On Tue, 30 Aug 2022 23:57:55 GMT, Chris Plummer <[email protected]> wrote:
> While dumping all registers (and doing a findpc on each), the following
> exception occurred for r8:
>
>
> r8: 0x000000750e4fdffc
> Error: java.lang.ArrayIndexOutOfBoundsException: Index 4099 out of bounds for
> length 4096
> java.lang.ArrayIndexOutOfBoundsException: Index 4099 out of bounds for length
> 4096
> at jdk.hotspot.agent/sun.jvm.hotspot.debugger.Page.getLong(Page.java:182)
> at
> jdk.hotspot.agent/sun.jvm.hotspot.debugger.PageCache.getLong(PageCache.java:100)
> at
> jdk.hotspot.agent/sun.jvm.hotspot.debugger.DebuggerBase.readCInteger(DebuggerBase.java:364)
> at
> jdk.hotspot.agent/sun.jvm.hotspot.debugger.DebuggerBase.readAddressValue(DebuggerBase.java:462)
> at
> jdk.hotspot.agent/sun.jvm.hotspot.debugger.windbg.WindbgDebuggerLocal.readAddress(WindbgDebuggerLocal.java:312)
> at
> jdk.hotspot.agent/sun.jvm.hotspot.debugger.windbg.WindbgAddress.getAddressAt(WindbgAddress.java:71)
> at
> jdk.hotspot.agent/sun.jvm.hotspot.utilities.PointerFinder.find(PointerFinder.java:58)
> at
> jdk.hotspot.agent/sun.jvm.hotspot.runtime.JavaThread.printThreadContextOn(JavaThread.java:493)
>
>
> This exception is the result of using PointerFinder ("findpc") on invalid
> address that starts on the last 32-bit word of a page. "page" in this case is
> referring to a page in SA's PageCache, which are always 4k in size. Note
> findpc is frequently done using an invalid address. In this test case it is
> being called on each x64 register, which could contain anything. findpc
> relies on getting some sort of AddressException when this happens, and will
> then say the address points to something that is unknown. However, in the
> case of the address pointing to the last 32-bot word of a page, it results in
> an ArrayIndexOutOfBoundsException when the page cache tries to read past the
> end of the page. This is happening in Page.getLong(), which you can see in
> the stack trace.
>
> The main culprit here is some weakening of the alignment checks being done.
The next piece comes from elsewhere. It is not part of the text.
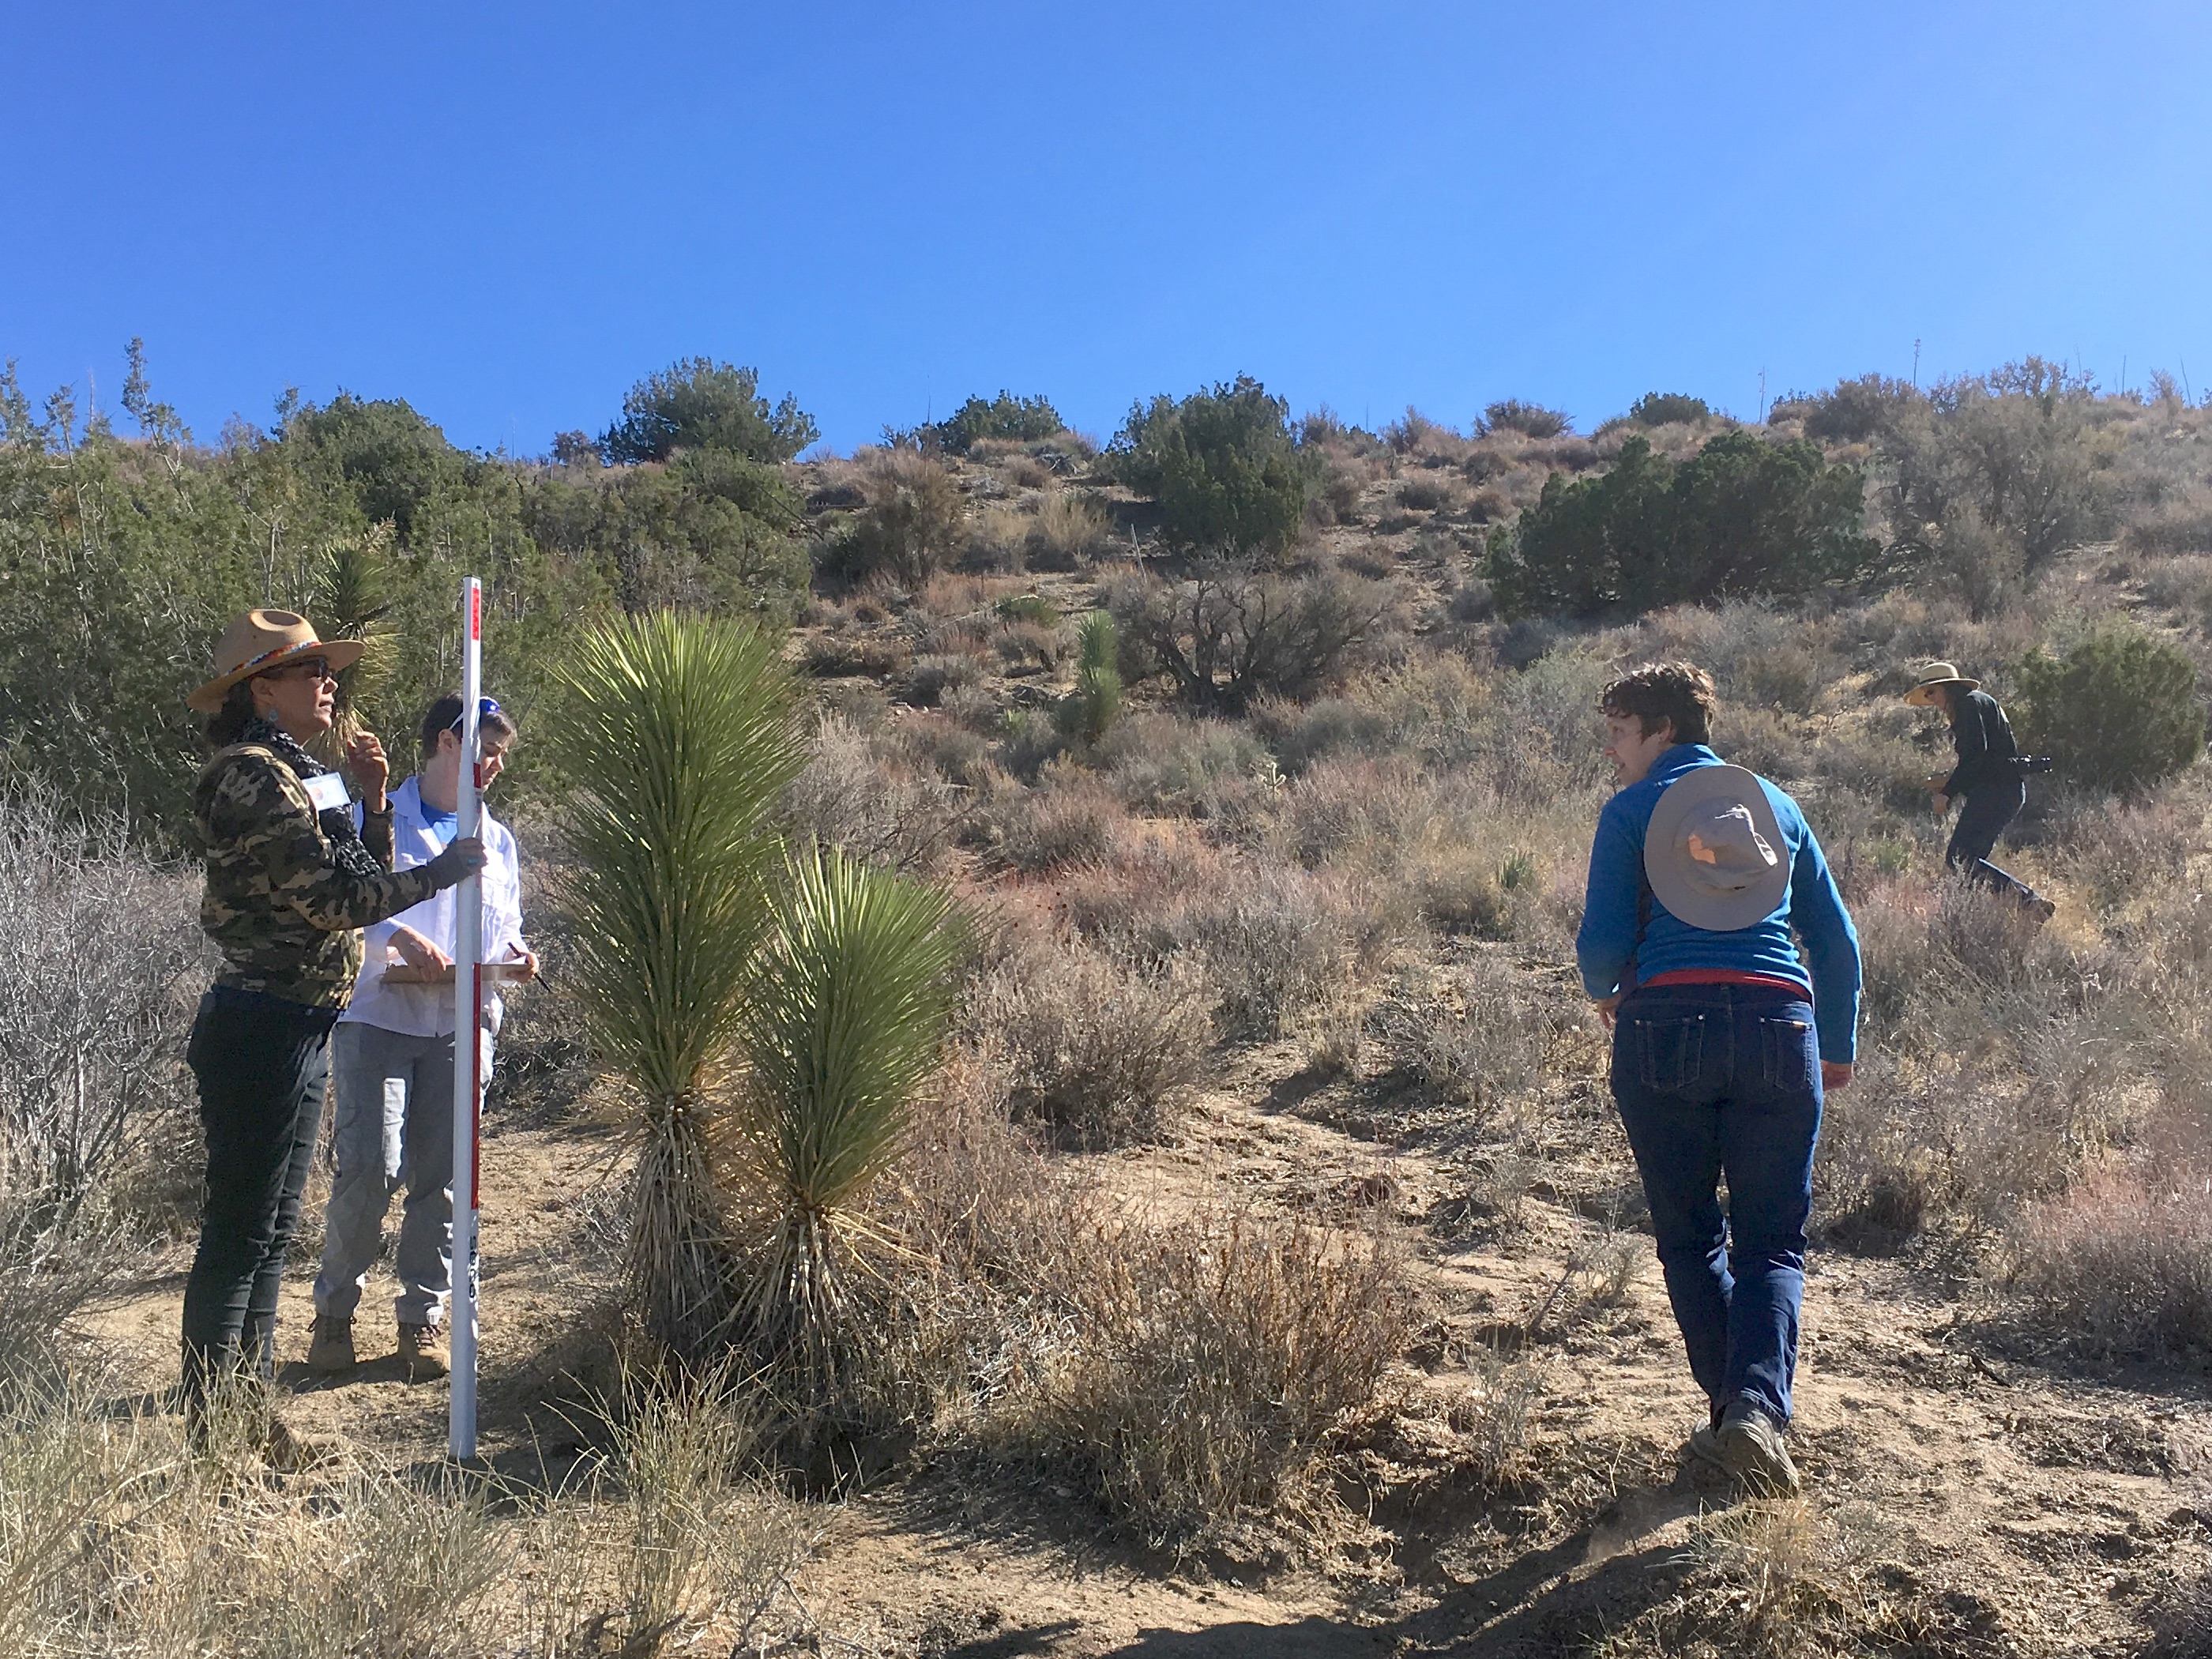 Volunteer leaders measure a Joshua tree during a pilot run of the survey protocol. (Photo by Jeremy Yoder.)
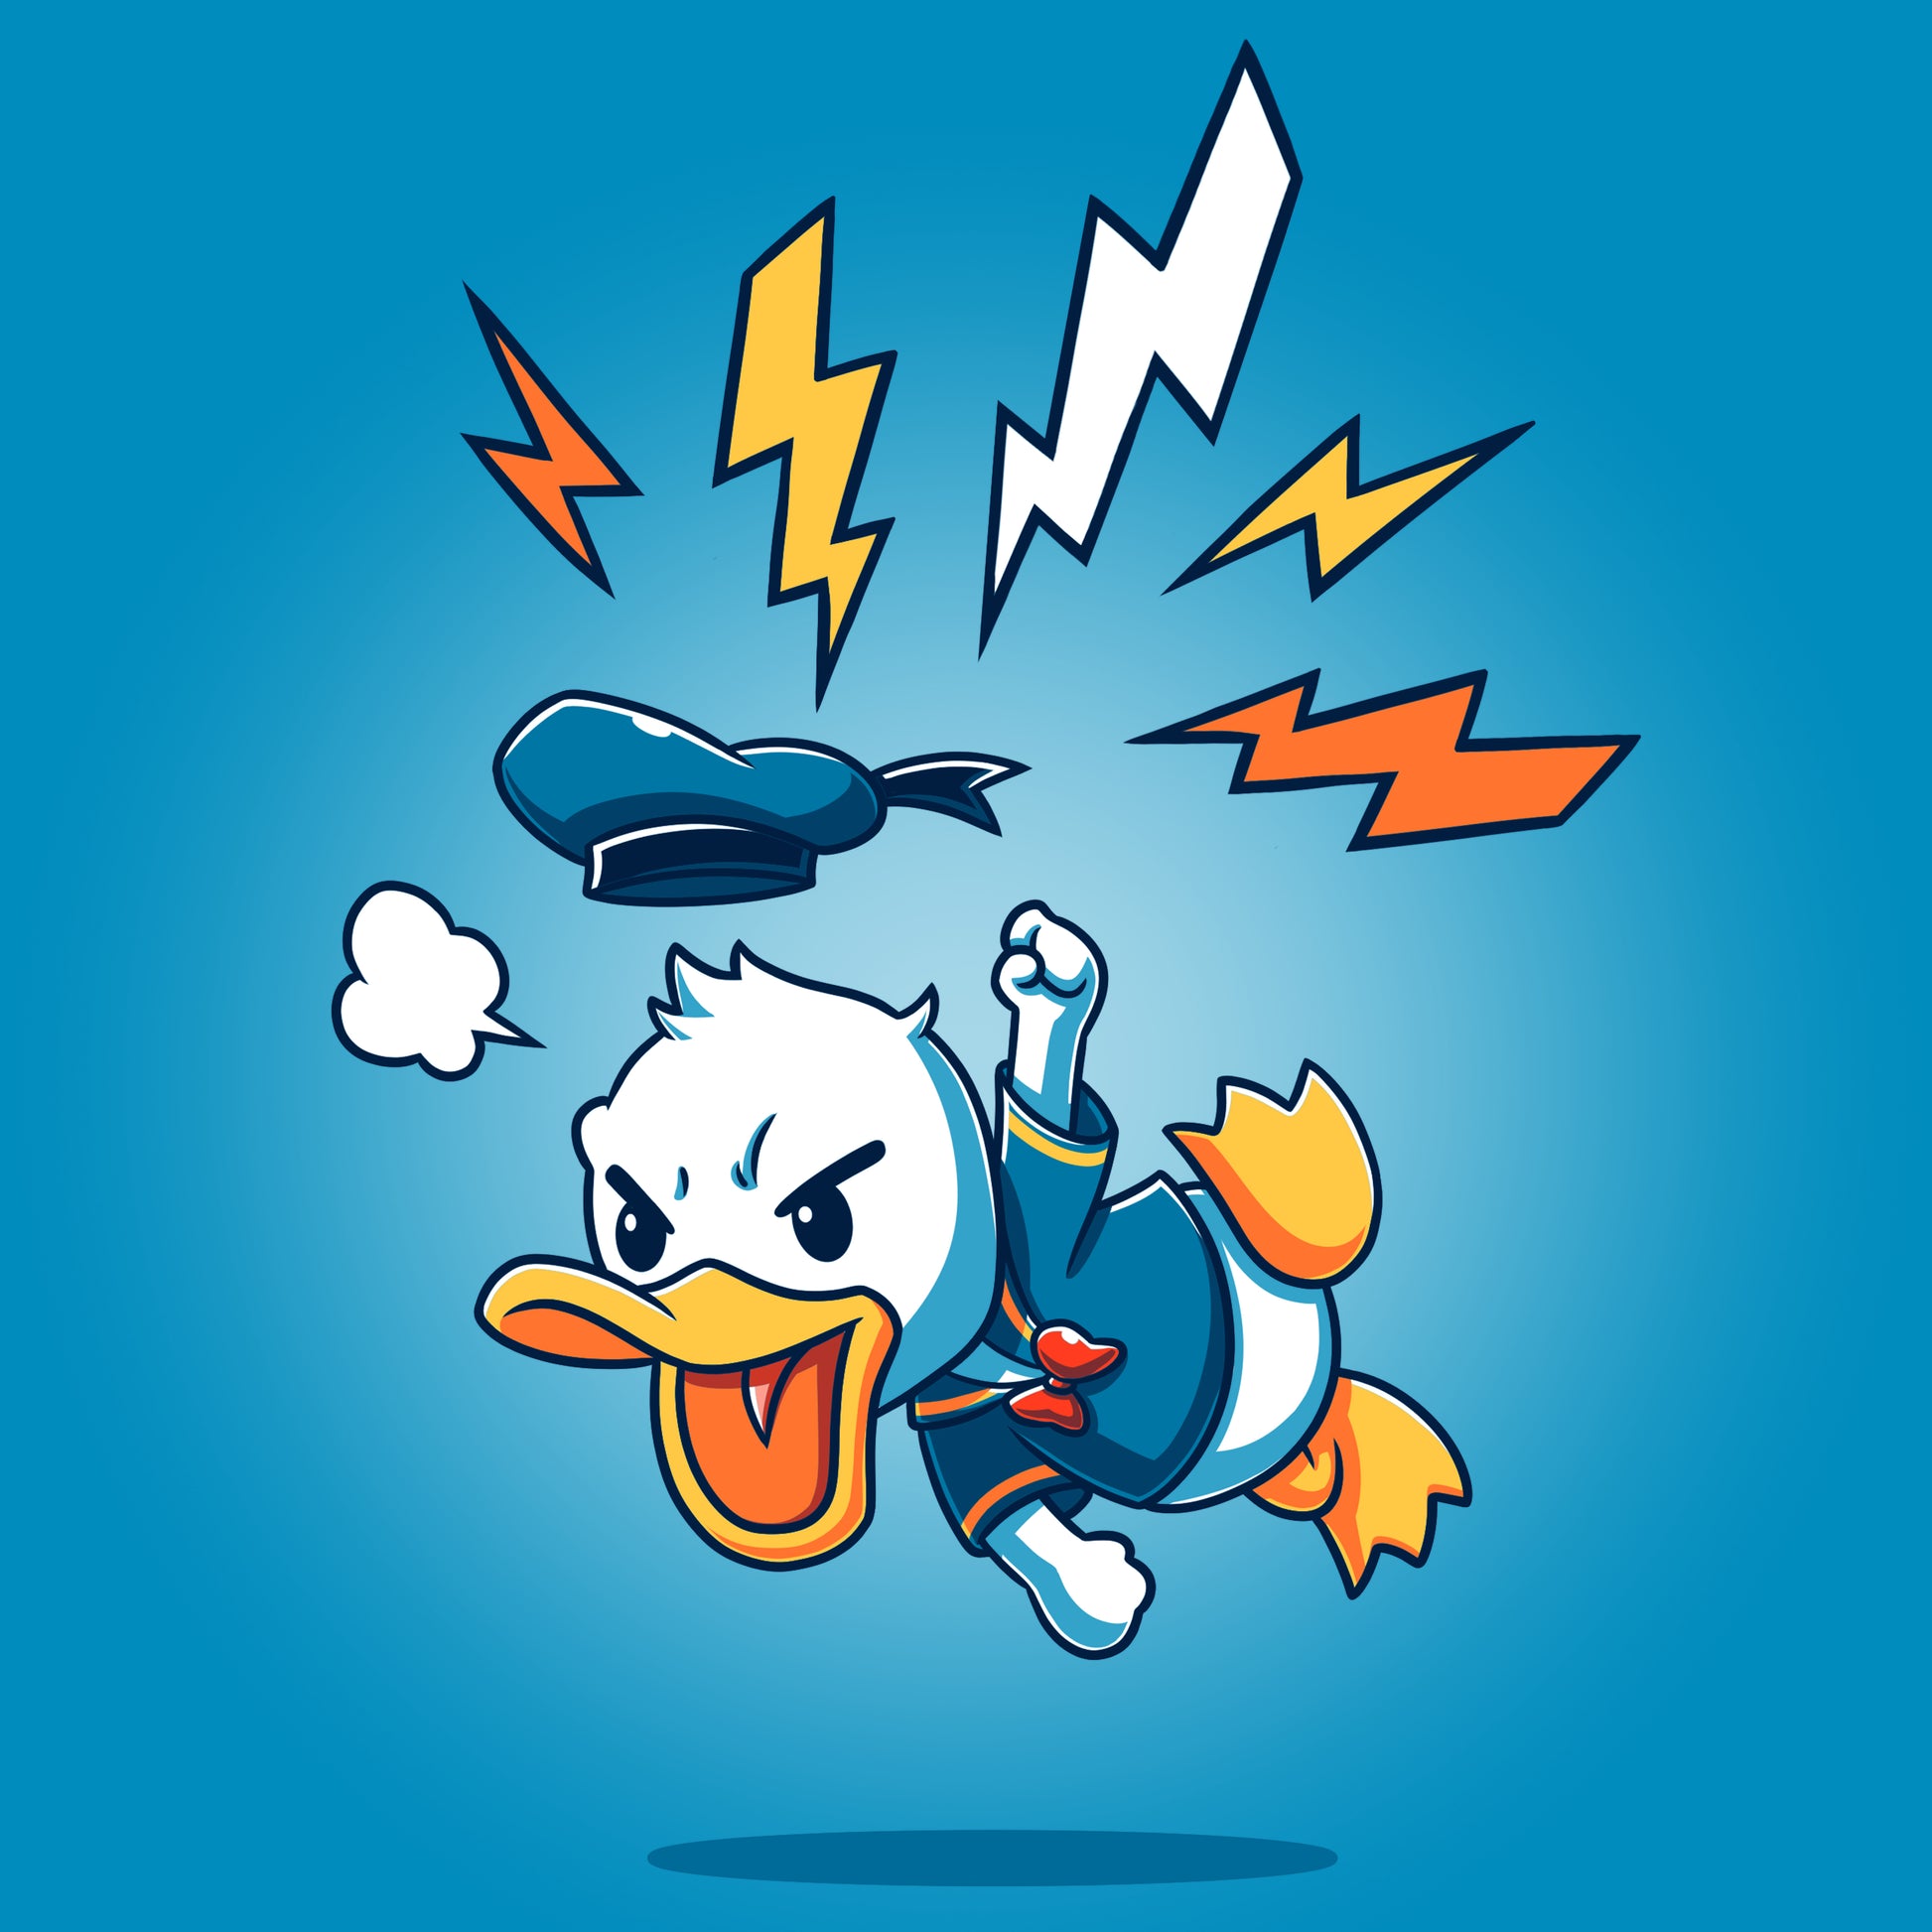 Rage Donald Duck T-shirt with a cartoon Donald Duck flying among lightning bolts by Disney.

> The alignment check should have resulted in an UnalignedAddressException long
> before we ever got to Page.getLong(). However, we have the following
> override, which is allowing the unaligned address to pass the alignment check.
>
>
> public void checkAlignment(long address, long alignment) {
> // Need to override default checkAlignment because we need to
> // relax alignment constraints on Bsd/x86
> if ( (address % alignment != 0)
> &&(alignment != 8 || address % 4 != 0)) {
> throw new UnalignedAddressException(
> "Trying to read at address: "
> + addressValueToString(address)
> + " with alignment: " + alignment,
> address);
> }
> }
> };
>
>
> This allows a pointer to a 64-bit value to only be 32-bit aligned. But
> there's more to it than that. I modified ClhsdbFindPC.java to fetch a tid (a
> thread address), and did a findpc on the address OR'd with 0xffc. `findpc`
> uses PointerFinder. This forced a read of a 64-bit value that starts in the
> last 32-bits of a page. It passed on linux-x64 but failed on windowx-x64 in
> the same manner described in the description of this CR. The difference
> between the two implementations is that windows relies on the default
> implementation of DebuggerBase.readCInteger() whereas linux has an override.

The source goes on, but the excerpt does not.